Raw data:
■ ■ ■ ■

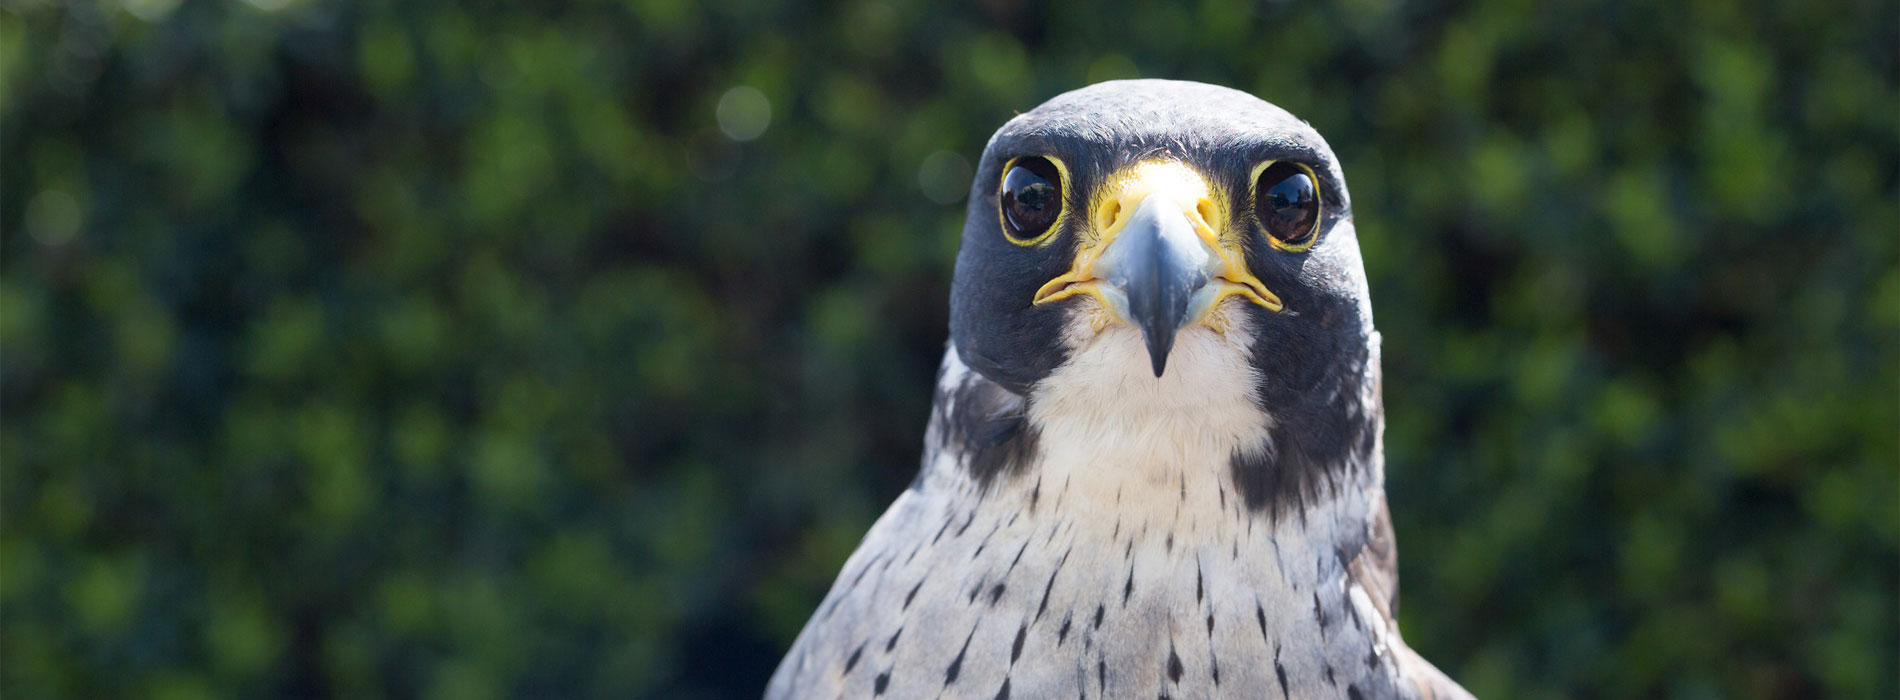 Falcon face
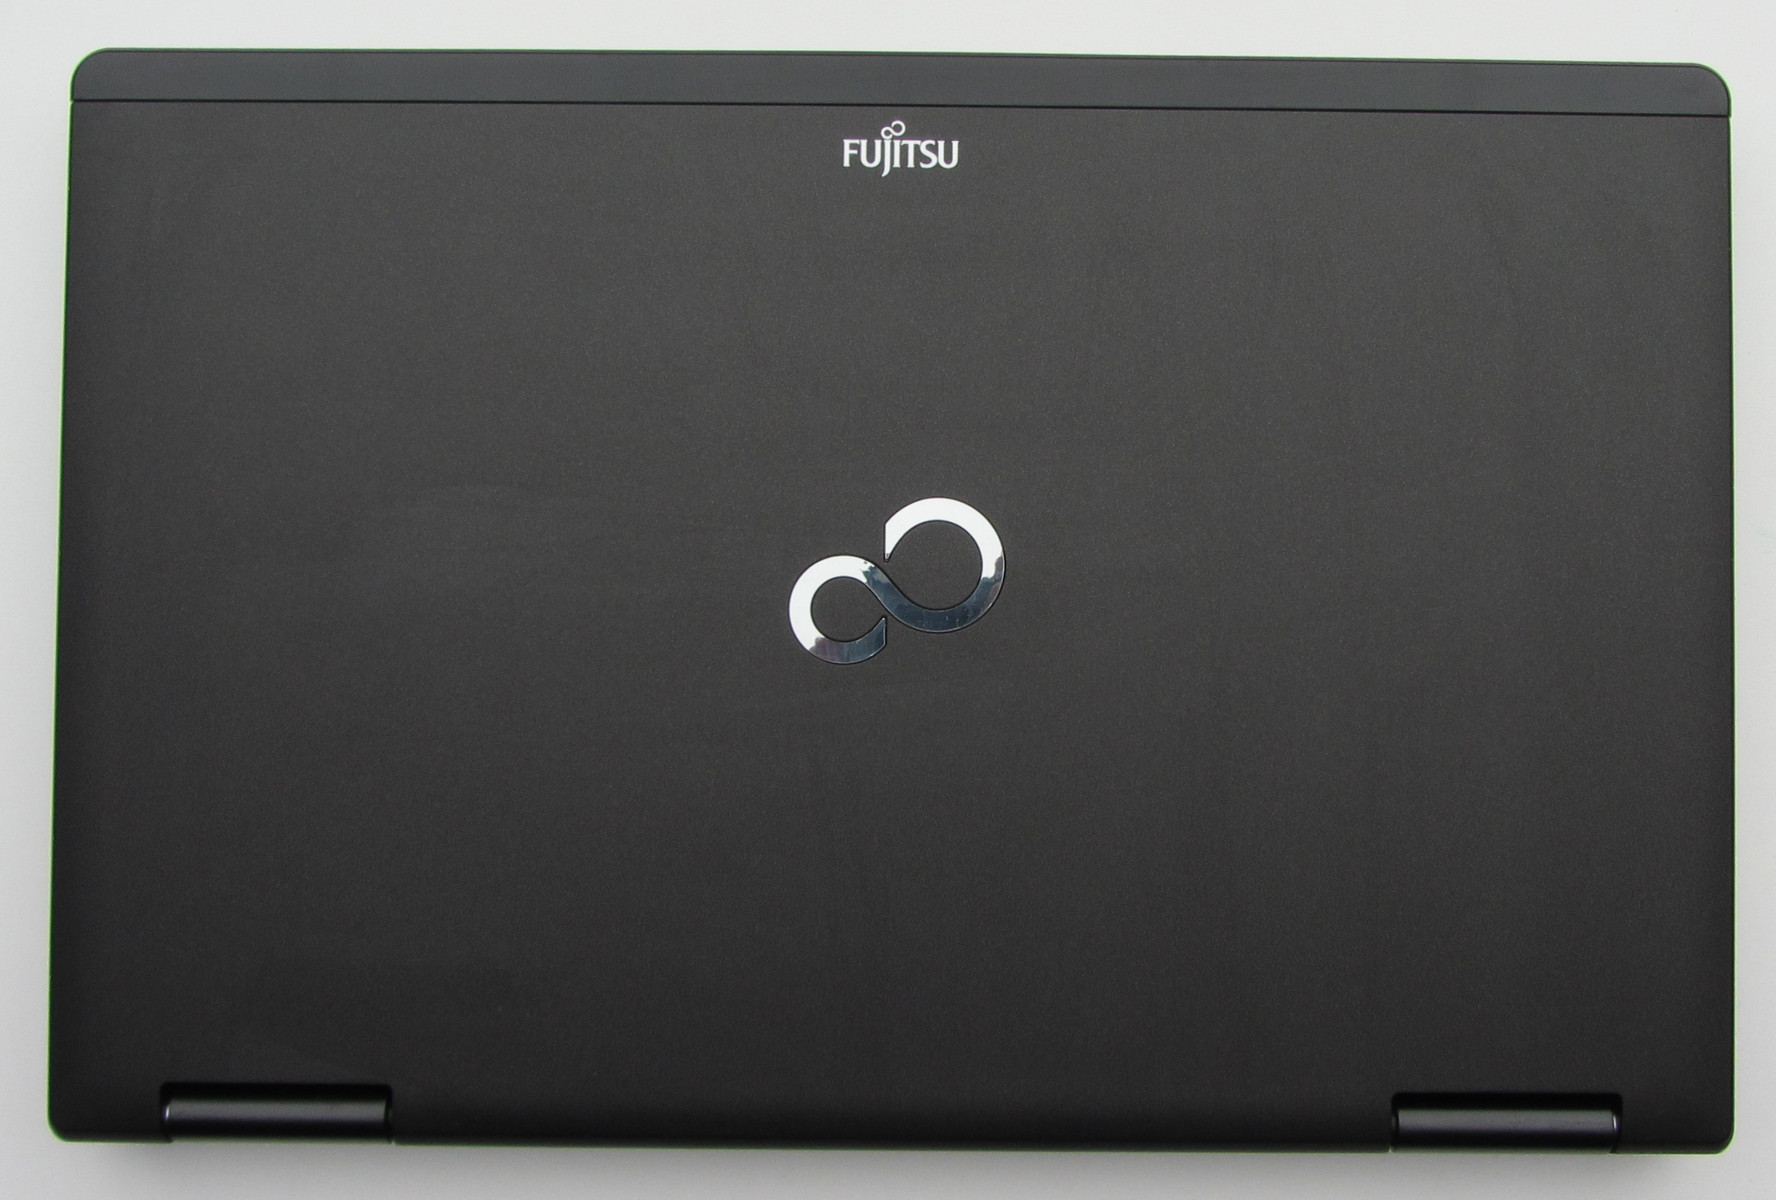 Review Fujitsu Lifebook E782 Notebook - NotebookCheck.net Reviews
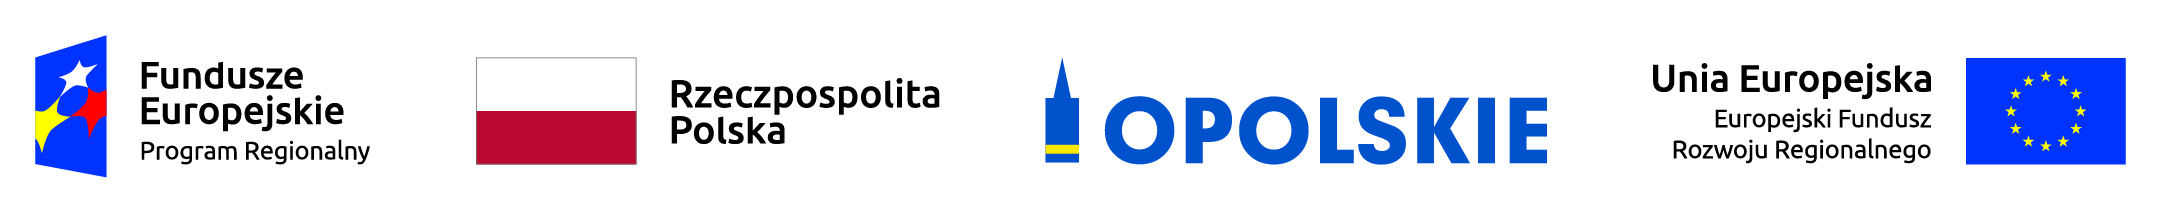 Logotypy, od lewej do prawej: Fundusze Europejskie Program Regionalny, Rzeczpospolita Polska, Opolskie, Unia Europejska Europejski Fundusz Rozwoju Regionalnego

■ ■ ■ ■

Directions: Except for the pictures, give all the material above again verbatim.

Exercise answer:
 Falcon face
 Review Fujitsu Lifebook E782 Notebook - NotebookCheck.net Reviews
 Logotypy, od lewej do prawej: Fundusze Europejskie Program Regionalny, Rzeczpospolita Polska, Opolskie, Unia Europejska Europejski Fundusz Rozwoju Regionalnego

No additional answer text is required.